Una deuda de justicia

Por Soledad Alvear*

Hoy se habla de sociedad inclusiva. Pero todas estas políticas podrían ser pura hipocresía si no se parte por algo tan básico como la integración de los mayores.

Diversas voces han señalado que el mayor problema que enfrenta Chile es el dramático envejecimiento de la población. Se trata de un desafío que tiene dos facetas. La primera es cómo aumentar nuestras tasas de natalidad, dramáticamente bajas. La otra, donde quiero detenerme, es cómo vamos a dar un trato adecuado a nuestros adultos mayores. Se trata de una cuestión elemental de justicia, porque de ellos hemos recibido todo lo que tenemos y no es justo que los olvidemos.

Nuestro país no está preparado para enfrentar este problema, y se nota.

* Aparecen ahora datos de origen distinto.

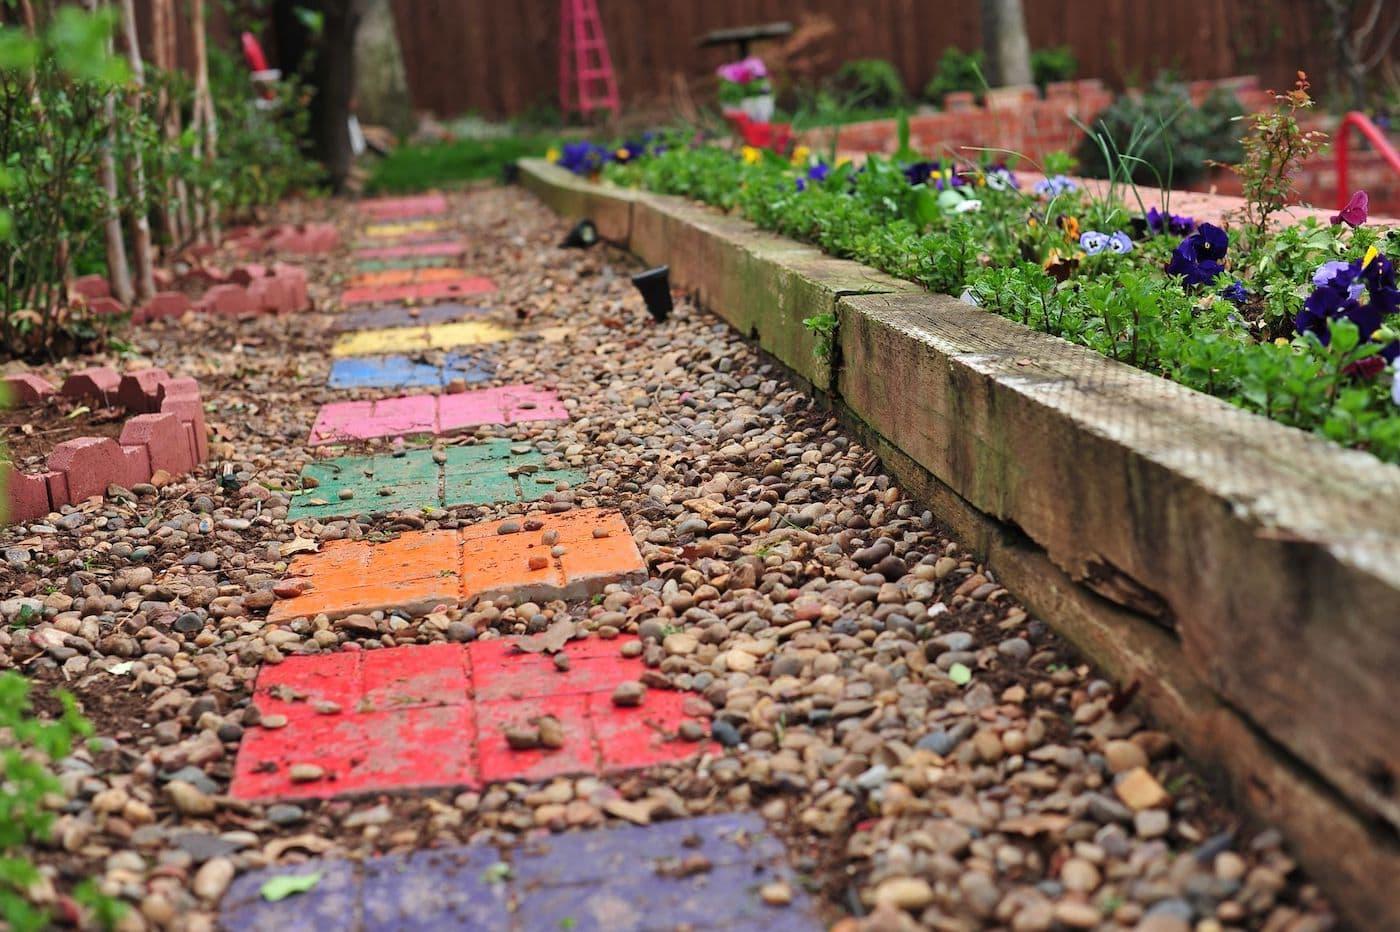 Разукрасив бетонную плитку и уложив ее на землю, можно получить оригинальную садовую дорожку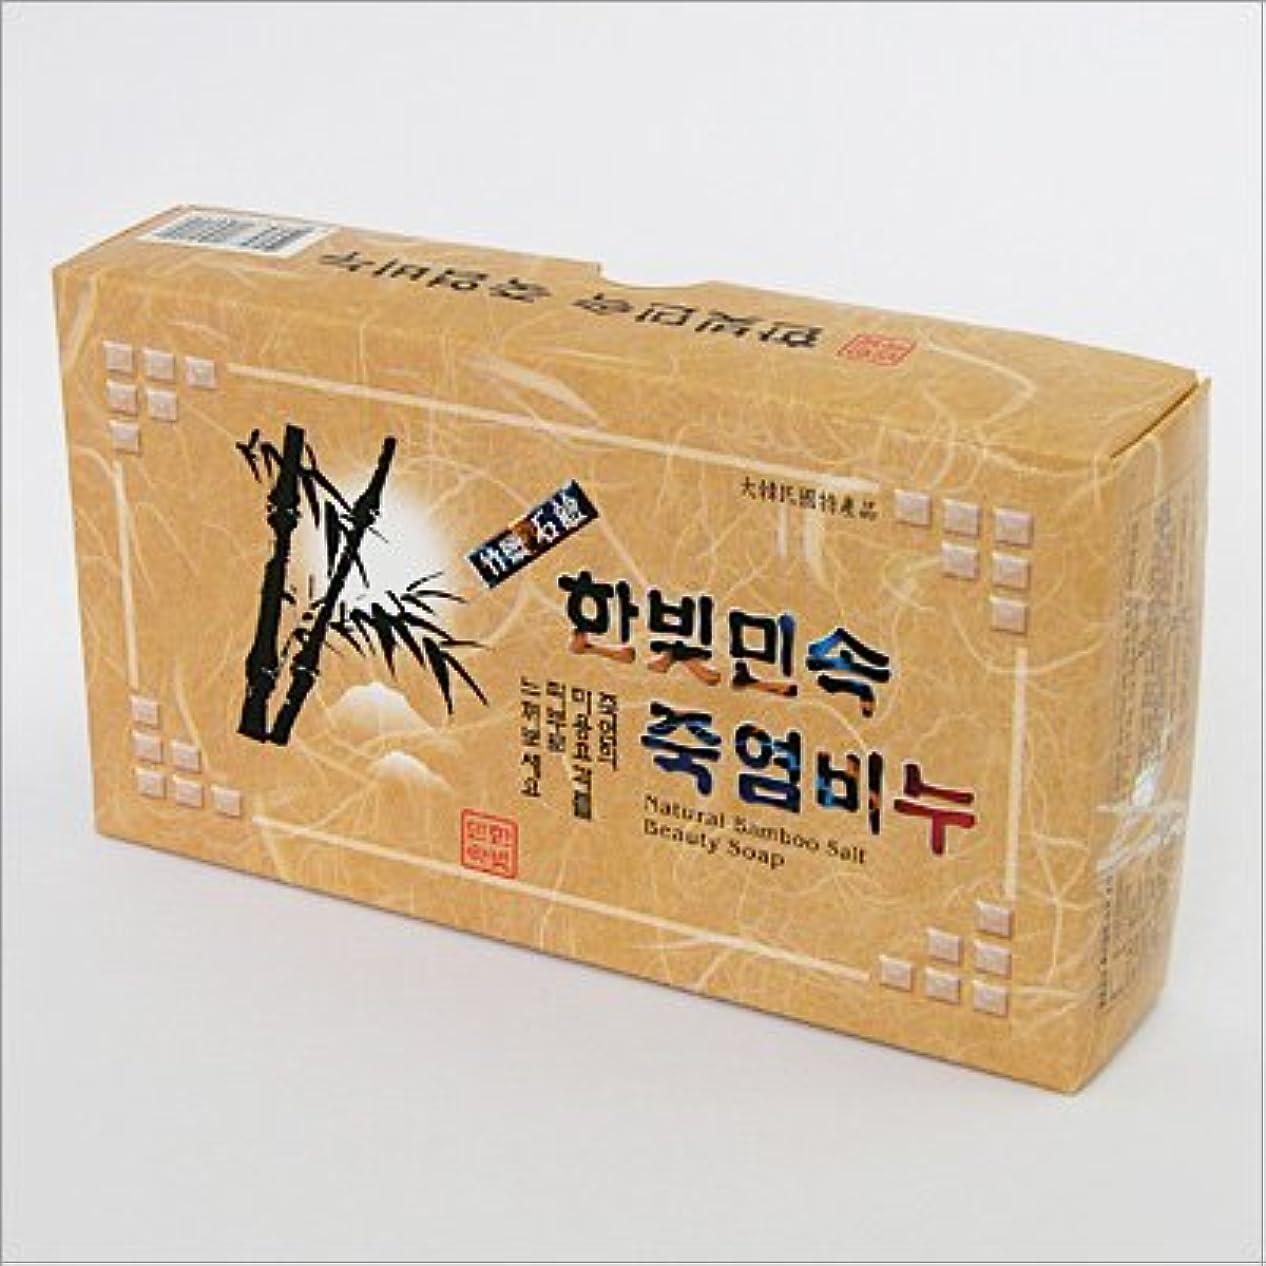 地獄暗記するブラシ(韓国ブランド) 韓国 竹塩石鹸(3個セット)

La situación de muchos adultos mayores no puede ser peor, expuestos al abandono, la soledad, una salud deteriorada, dificultades para movilizarse e incluso violencia intrafamiliar.

Hoy se habla de sociedad inclusiva y se procura que hasta los casos más singulares encuentren acogida. Pero todas estas políticas podrían ser pura hipocresía si no se parte por algo tan básico como la integración de los mayores. Urge contar con una política pública que aborde sus problemas de manera integral. Su importancia va mucho más allá de las ideologías partidistas y debería ser objeto de un amplio consenso, porque no nos podemos dar el lujo de que los programas que los atienden no se prolonguen en el tiempo y deban cambiar con cada nuevo gobierno.

¿Qué debería abarcar esta política pública?

Obviamente debe ocuparse de las diversas dimensiones del ser humano, comenzando por la salud: Chile padece un alarmante déficit de geriatras, que es necesario remediar cuanto antes, porque las necesidades de las personas mayores son muy diferentes de las del resto de la población. El carácter singular de su corporalidad exige tenerlos en cuenta a la hora de planear los espacios. Así, es imprescindible que las ciudades les resulten amables, que puedan circular con facilidad. Las comunas deben facilitarles espacios para reunirse y conocer otras personas. Es una manera práctica y sencilla de alejar de ellos el drama de la soledad.

Pero también es necesario ocuparse de su espíritu. Una de las experiencias más duras de la vejez es la de sentirse inútil o prescindible. De ahí la importancia de que puedan realizar ciertos trabajos por horas u ocuparse en actividades de voluntariado, que les proporcionarán grandes satisfacciones.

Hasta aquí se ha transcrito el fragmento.